Speaking of lowest-common-denominator, check out the low basic quality of this book. There are many typos and factual errors that are mostly minor, but also several whoppers like actress "Candace Bergman" or the "Star War" movie series. Talk about dumbed-down public discourse. Arden apparently knows little about the social culture he is incessantly criticizing, feeling the need to introduce the concept of "windows" on computer screens to us unenlightened masses, or claiming that nobody knew what the paparazzi was before the death of Princess Diana. Arden also has a rosy Nick-at-Nite view of past society, with the type of attitude toward the wholesomeness of the past, and the evils of the present, that is little more than cranky nostalgia. And after spending seventeen chapters on rapid-fire examples in various categories of America's supposed meltdown, Arden spits out the obligatory chapter on "solutions" which adds up to no more than pie-in-the-sky idealism, such as "we need to own the responsibility for our own health" and other thin pontifications. There is also much inconsistency in Arden's "solutions" in the final chapter, such as an endorsement for minimum-standards testing in public schools, although he spent an entire chapter earlier complaining about narrowly-focused educational standards. Serious issues like those introduced here demand a serious and in-depth analysis. This isn't it. [~doomsdayer520~]
Nothing is sacred in this book and pretty much everything is criticized in brief one to three page snippets.

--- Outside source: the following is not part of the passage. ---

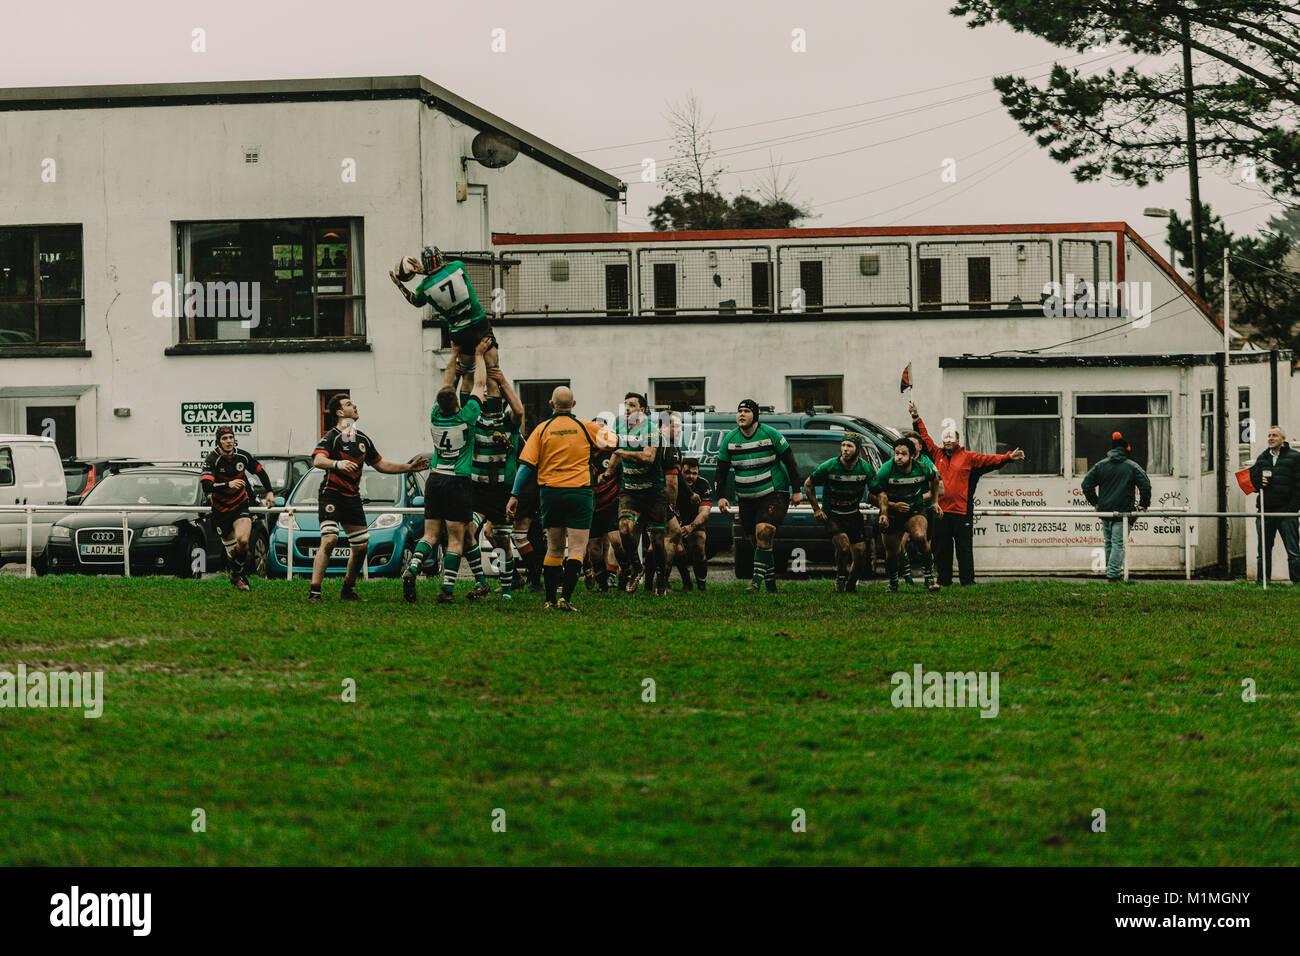 Penryn RFC vs Hayle RFC at The Memorial Stadium, Penryn, Cornwall, UK, 27th January 2018 Stock Photo
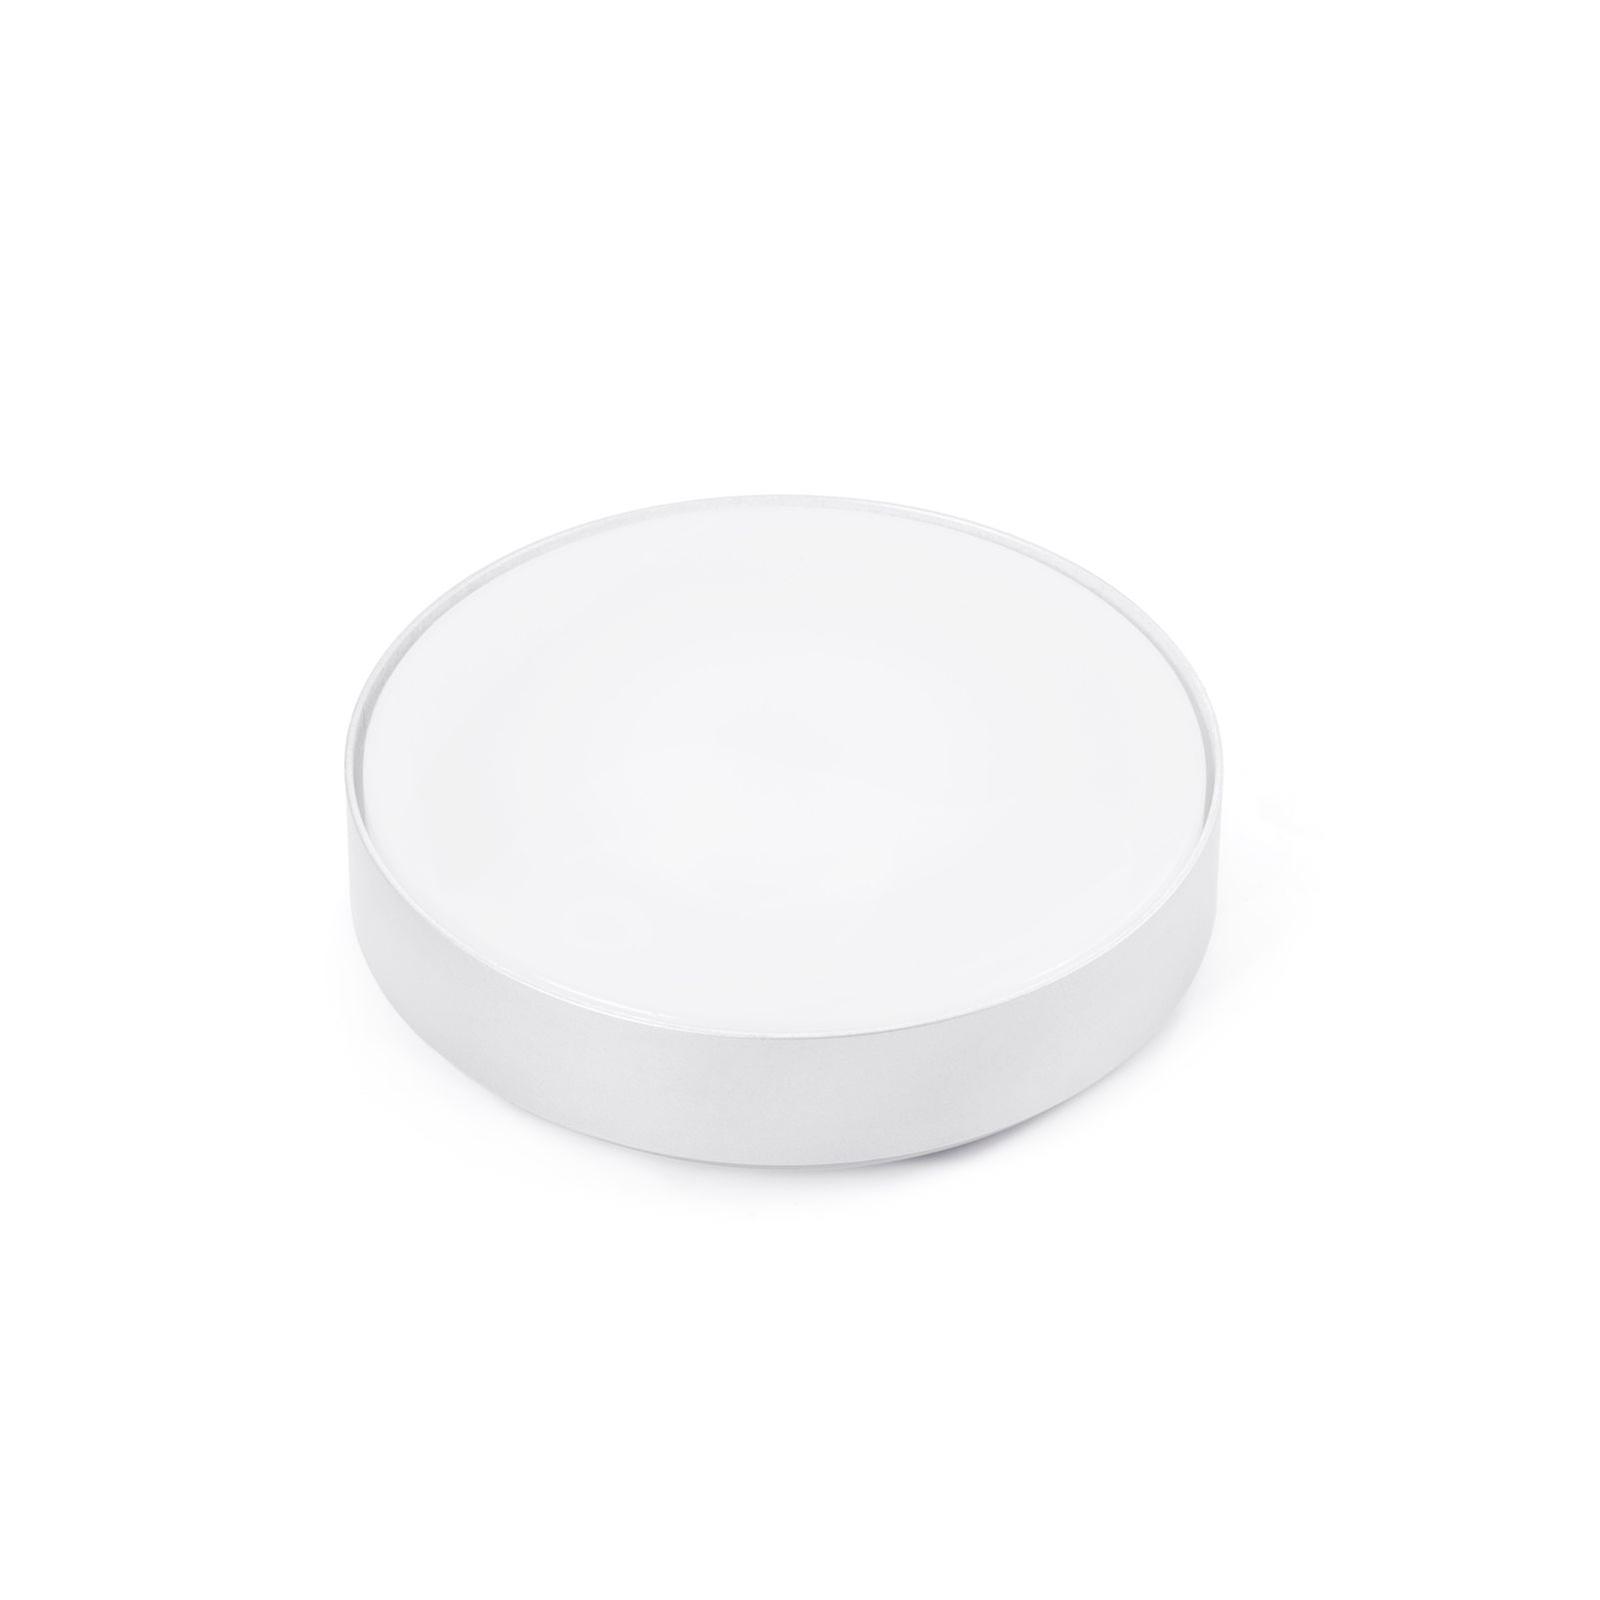 Faro add-on light kit for ceiling fan 33482 Winche chrome

These include: the mental health system, schools, sports, the Internet, politics, the media, health care, etc. Like his criticisms, the recommendations for improvement in last chapter of the book are brief and without much depth.
The book has kind of a 1960's social concern to it. If you are looking for a quick and dirty critique of our contemporary society, this may be the book for you. However, if you are looking a more substantive social commentary, you will have to look elsewhere.